In [18]:
import jsonrpc
from simplejson import loads
from pprint import pprint
import nltk
import pandas as pd

In [38]:
text = "Obama is the the president of US. Florida is a nice place. It is good. He lives in Florida. Trump is the current president. He owns Trump tower"

In [39]:
type(text)

str

## Using stanford -corenlp and extracting only the COREF part of the result

In [5]:
def coref_resolution(text):
    server = jsonrpc.ServerProxy(jsonrpc.JsonRpc20(),
                             jsonrpc.TransportTcpIp(addr=("127.0.0.1", 8080)))

    result = loads(server.parse(text))
    return result['coref']

In [6]:
coref_resolution(text)

[[[[u'the the president of US', 0, 4, 2, 7], [u'Obama', 0, 0, 0, 1]],
  [[u'He', 3, 0, 0, 1], [u'Obama', 0, 0, 0, 1]]],
 [[[u'a nice place', 1, 4, 2, 5], [u'Florida', 1, 0, 0, 1]],
  [[u'It', 2, 0, 0, 1], [u'Florida', 1, 0, 0, 1]],
  [[u'Florida', 3, 3, 3, 4], [u'Florida', 1, 0, 0, 1]]],
 [[[u'the current president', 4, 4, 2, 5], [u'Trump', 4, 0, 0, 1]],
  [[u'He', 5, 0, 0, 1], [u'Trump', 4, 0, 0, 1]],
  [[u'Trump', 5, 2, 2, 3], [u'Trump', 4, 0, 0, 1]]]]

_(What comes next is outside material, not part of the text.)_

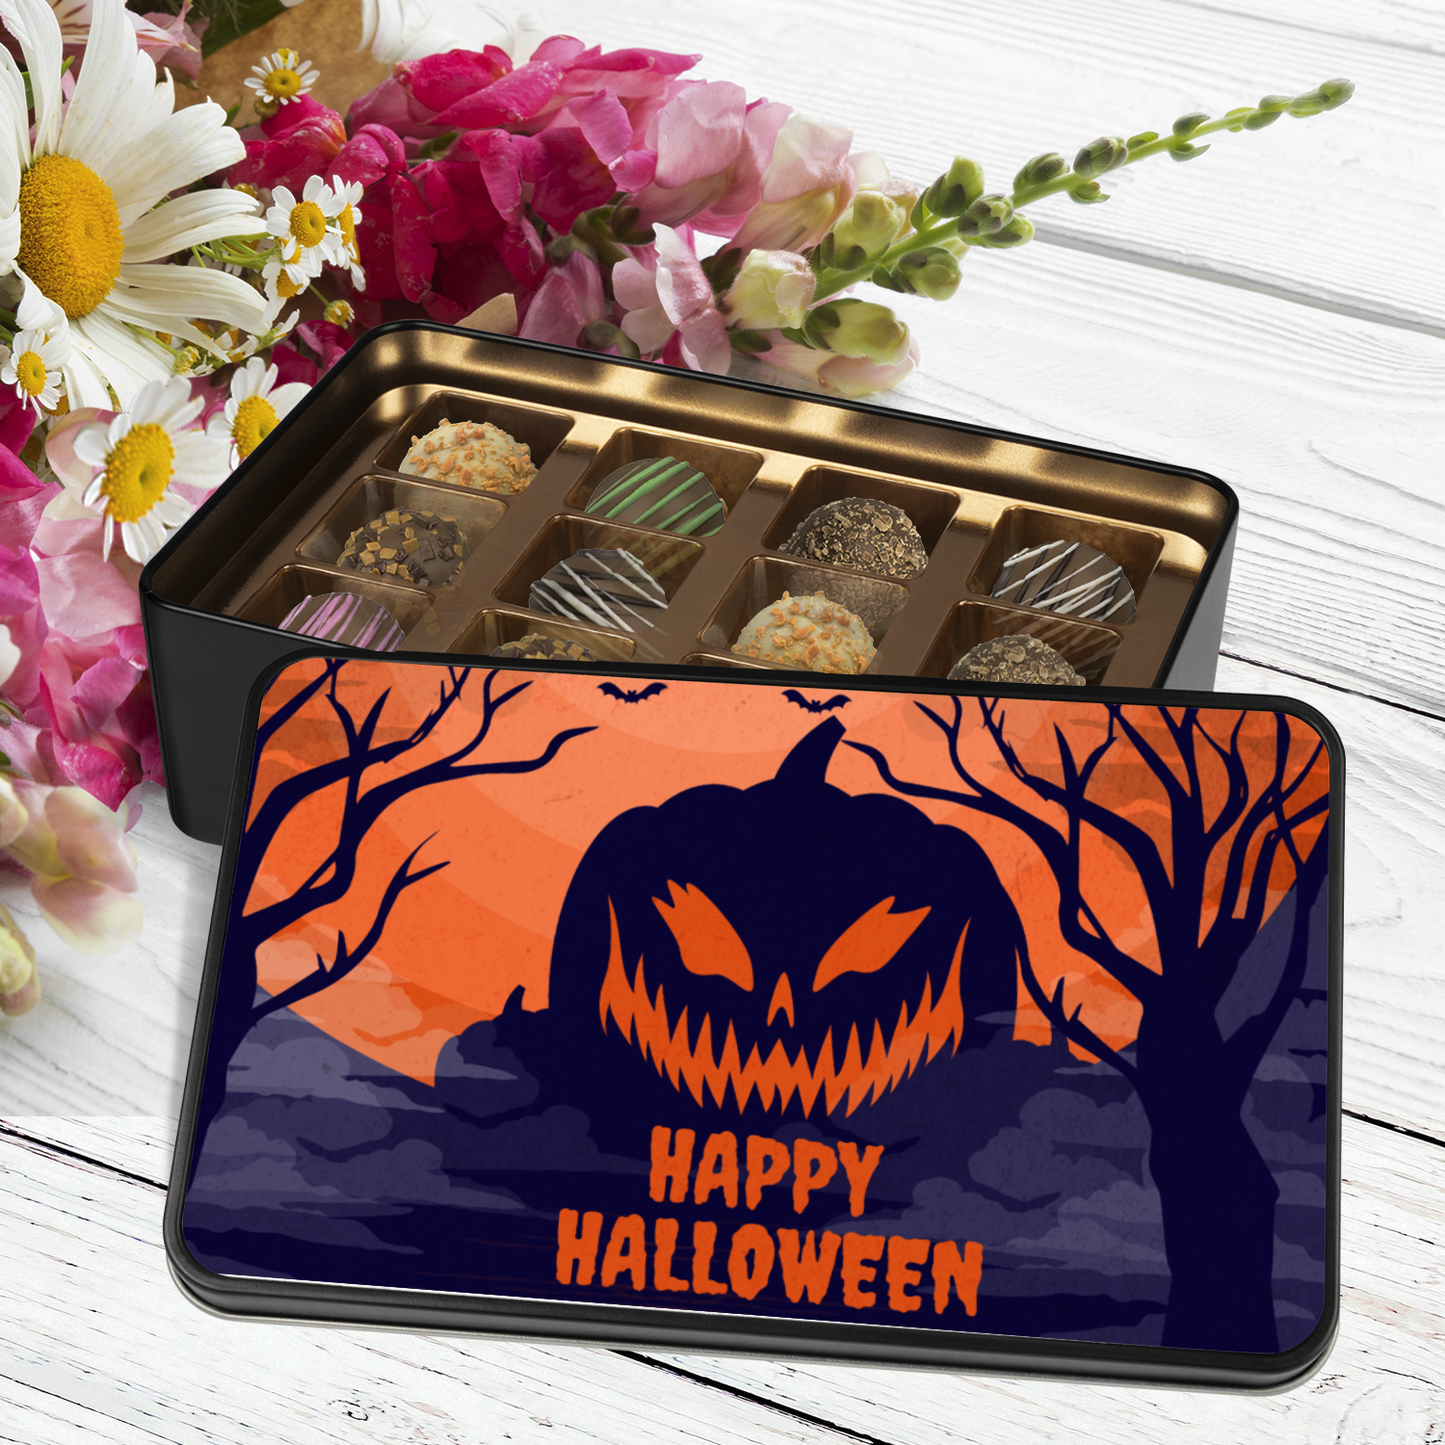 Happy Halloween Chocolate Truffles - Keepsake Tin
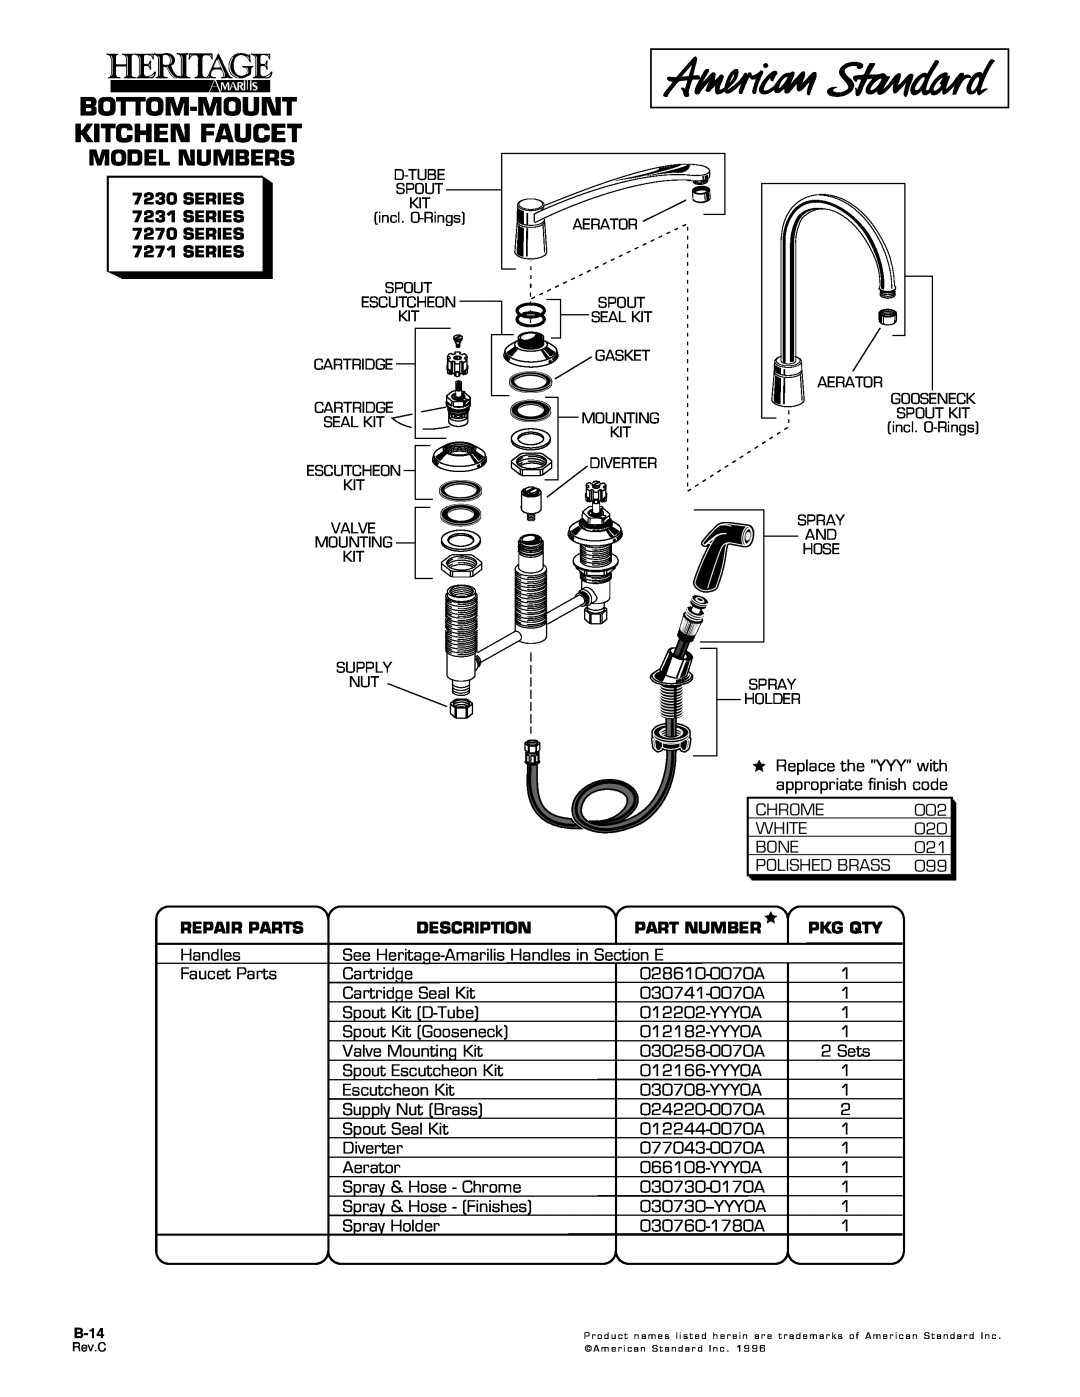 American Standard 7270 Series manual Bottom-Mount Kitchen Faucet, Model Numbers, Repair Parts, Description, Part Number

## Sentence and word tokenization of the text

In [7]:
def tokenize_text(text):
    token_sen = nltk.sent_tokenize(text)
    word = []
    for i in range(len(token_sen)):
        word.append(nltk.word_tokenize(token_sen[i]))
    return word


In [10]:
tokenize_text(text)

[['Obama', 'is', 'the', 'the', 'president', 'of', 'US', '.'],
 ['Florida', 'is', 'a', 'nice', 'place', '.'],
 ['It', 'is', 'good', '.'],
 ['He', 'lives', 'in', 'Florida', '.'],
 ['Trump', 'is', 'the', 'current', 'president', '.'],
 ['He', 'owns', 'Trump', 'tower']]

## Function to rephrase the text with the coreference result

In [15]:
##list prps and nn 

pronouns = ['PRP', 'PRP$']
nouns = ['NNP', 'NN', 'NNS', 'NNPS']

In [16]:
#compressed function
def coref_rephrase(text):
    coref = coref_resolution(text)
    process_text = tokenize_text(text)
        
    for i in coref:
        for j in i:
       
            pos_tag_left = nltk.pos_tag([j[0][0]])
            pos_tag_right = nltk.pos_tag([j[1][0]])
            
            
            #print a[j[0][1]]
            #print pos_tag_left[0][0], " | ", pos_tag_left[0][1], " | ", pos_tag_right[0][0], " | ", pos_tag_right[0][1]
            #a being the word tokenizer
            if pos_tag_left[0][1] in pronouns and pos_tag_right[0][1] in nouns:
                if pos_tag_left[0][0] in process_text[j[0][1]]:
                
                   process_text[j[0][1]][process_text[j[0][1]].index(pos_tag_left[0][0])] = pos_tag_right[0][0]
                    
                
                           
    rephrase = [[' '.join(w) for w in process_text]]
    return rephrase

In [17]:
coref_rephrase(text)

[['Obama is the the president of US .',
  'Florida is a nice place .',
  u'Florida is good .',
  u'Obama lives in Florida .',
  'Trump is the current president .',
  u'Trump owns Trump tower']]

# Working on SQUAD dataset

In [19]:
squad_dev = pd.read_json('/data/squad_dataset/data/squad_dev_doc.json')
train = pd.read_json('/data/squad_dataset/data/squad_train_doc.json')


In [20]:
train.head()

Unnamed: 0,passages,title
0,[{u'questions': [u'The Basilica of the Sacred ...,University_of_Notre_Dame
1,[{u'questions': [u'What was the first album Be...,Beyoncé
2,[{u'questions': [u'What is its rank in popular...,Montana
3,[{u'questions': [u'Which phrase is especially ...,Genocide
4,[{u'questions': [u'What is resistance to antib...,Antibiotics


In [22]:
len(train['passages'])  #442 rows

442

In [29]:
len(train['passages'][0])
print(train['passages'][0][0]['context'])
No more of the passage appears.